Notably, it outperforms LLM+HTML methods on both PC and Android tasks—despite using only screenshots as input.

Bilingual Support and Platform Flexibility

The model supports English and Chinese instructions and works across three major platforms:

Windows 10/11 (WIN)
macOS 14/15 (Mac)
Android 13–15 (Mobile)

This makes it valuable for global development teams and multilingual user bases.

Open Source and Commercially Usable

Unlike many proprietary GUI agents, CogAgent is fully open-sourced under the Apache 2.0 license, allowing free use in research and commercial products. Its weights and code are publicly available, fostering transparency and community-driven improvement.

Practical Use Cases Where CogAgent Shines

CogAgent isn’t just a research prototype—it solves tangible problems:

Automating Repetitive Workflows: Bulk-editing spreadsheets, sending templated emails, or filling out web forms without RPA bots that break on UI changes.
Assistive Technology: Enabling voice- or text-controlled navigation for users with motor impairments.
Legacy System Integration: Interfacing with old desktop applications that lack APIs or documentation—by simply “watching” the screen.
UI Testing & Validation: Automatically verifying that button clicks lead to expected screens or that error messages appear under edge cases.
Mobile App Automation: Performing tasks on Android apps where instrumentation (e.g., via Appium) is restricted or unreliable.

In all these scenarios, CogAgent thrives where traditional automation fails: when you only have pixels, not code.

Getting Started: How CogAgent Works in Practice

Using CogAagent follows a clear, structured workflow:

Input a screenshot of the current screen.
Provide a task description in natural language (e.g., “Click ‘Checkout’ and apply promo code SAVE10”).
Specify the platform (WIN, Mac, or Mobile).
(Optional) Include past action history to support multi-step reasoning.

The model returns a strictly formatted output containing:

Action: Human-readable instruction (e.g., “Click the search bar”)
Grounded Operation: Machine-executable command with screen coordinates, such as CLICK(box=[[352,102,786,139]])
(Optional) Status, Plan, or Sensitivity tags based on the requested output format

For quick experimentation, users can run:

A CLI demo (inference/cli_demo.py) for one-off predictions
A web demo (inference/web_demo.py) for interactive, multi-turn sessions

The model supports multiple response formats (e.g., Action-Operation, Status-Plan-Action-Operation), allowing developers to tailor outputs to their agent pipeline.
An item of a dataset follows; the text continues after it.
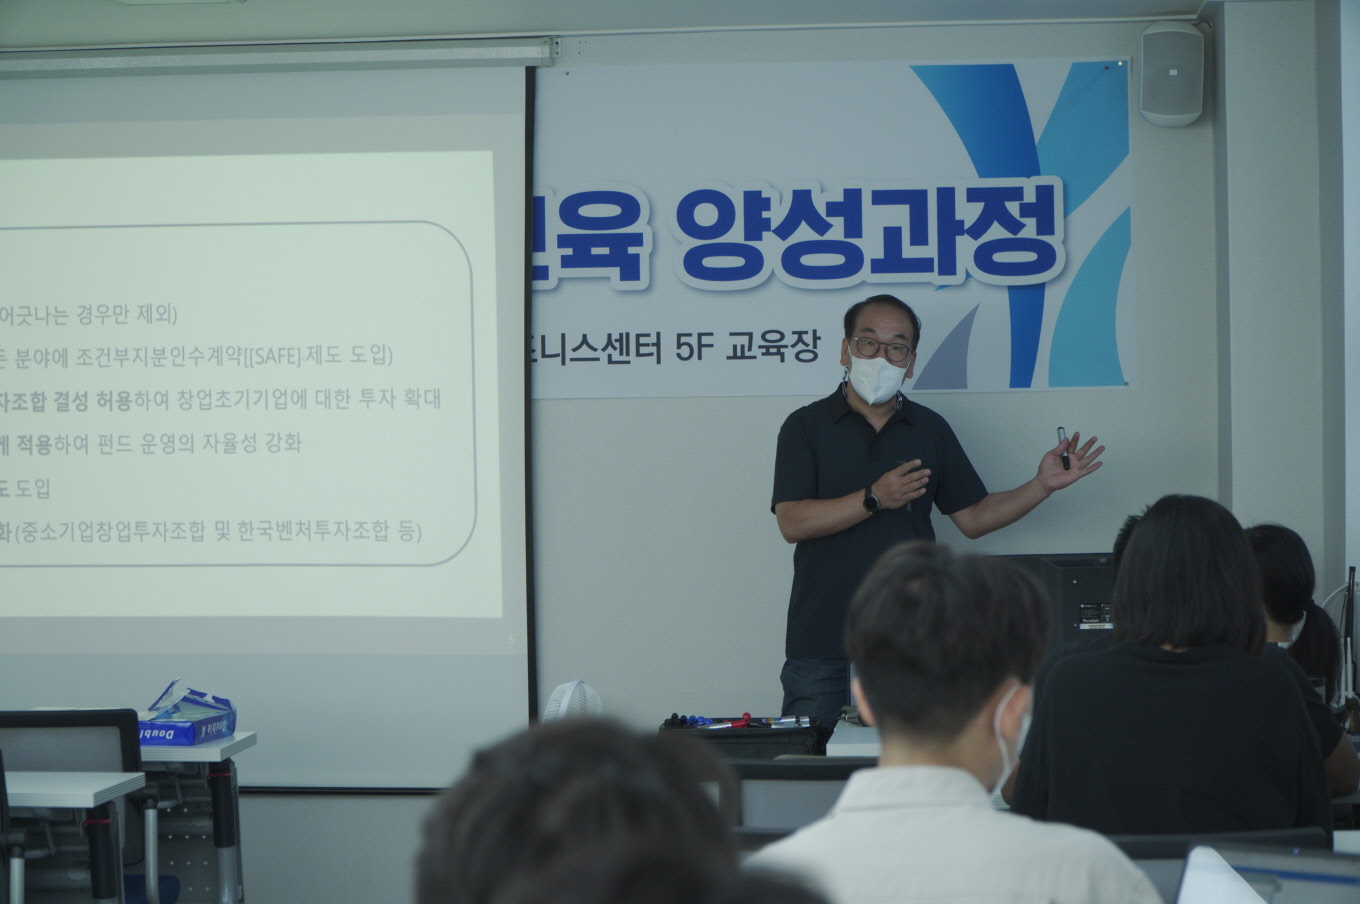 제 34회 창업지도사 1급 광주·전남 교육과정 사진8

Important Limitations and Practical Considerations

While powerful, CogAgent has real-world constraints:

Hardware Requirements: Full-precision (BF16) inference needs ≥29GB VRAM (e.g., A100/H100). Lower-precision modes (INT4/INT8) reduce memory use but significantly hurt performance—not recommended for production.
Not a Chatbot: It’s a task-execution agent, not a conversational model. Each interaction is stateless unless history is explicitly provided.
Platform Limitations: Only Windows, macOS, and Android are officially supported. Other OSes may yield poor results.
Image Input Mandatory: Pure text prompts without screenshots will fail—visual context is essential.
Fine-Tuning Is Resource-Intensive: Supervised fine-tuning (SFT) requires 8×A100 GPUs, while LoRA tuning needs a single 70GB GPU.

These factors mean CogAgent is best suited for teams with access to capable GPU infrastructure and clearly defined automation tasks.

Summary

CogAgent redefines what’s possible in GUI automation by combining high-resolution visual understanding with precise action generation—all from screenshots and natural language. It solves a critical gap left by LLMs: the inability to see and act in real digital environments.

For developers, researchers, and product teams seeking to automate tasks where APIs don’t exist or UIs change frequently, CogAgent offers a robust, open-source, and vision-native alternative. With strong benchmark performance, bilingual support, and commercial-friendly licensing, it stands out as one of the most practical GUI agents available today.

If your project involves automating desktop or mobile interfaces—especially without backend access—CogAgent is worth serious consideration.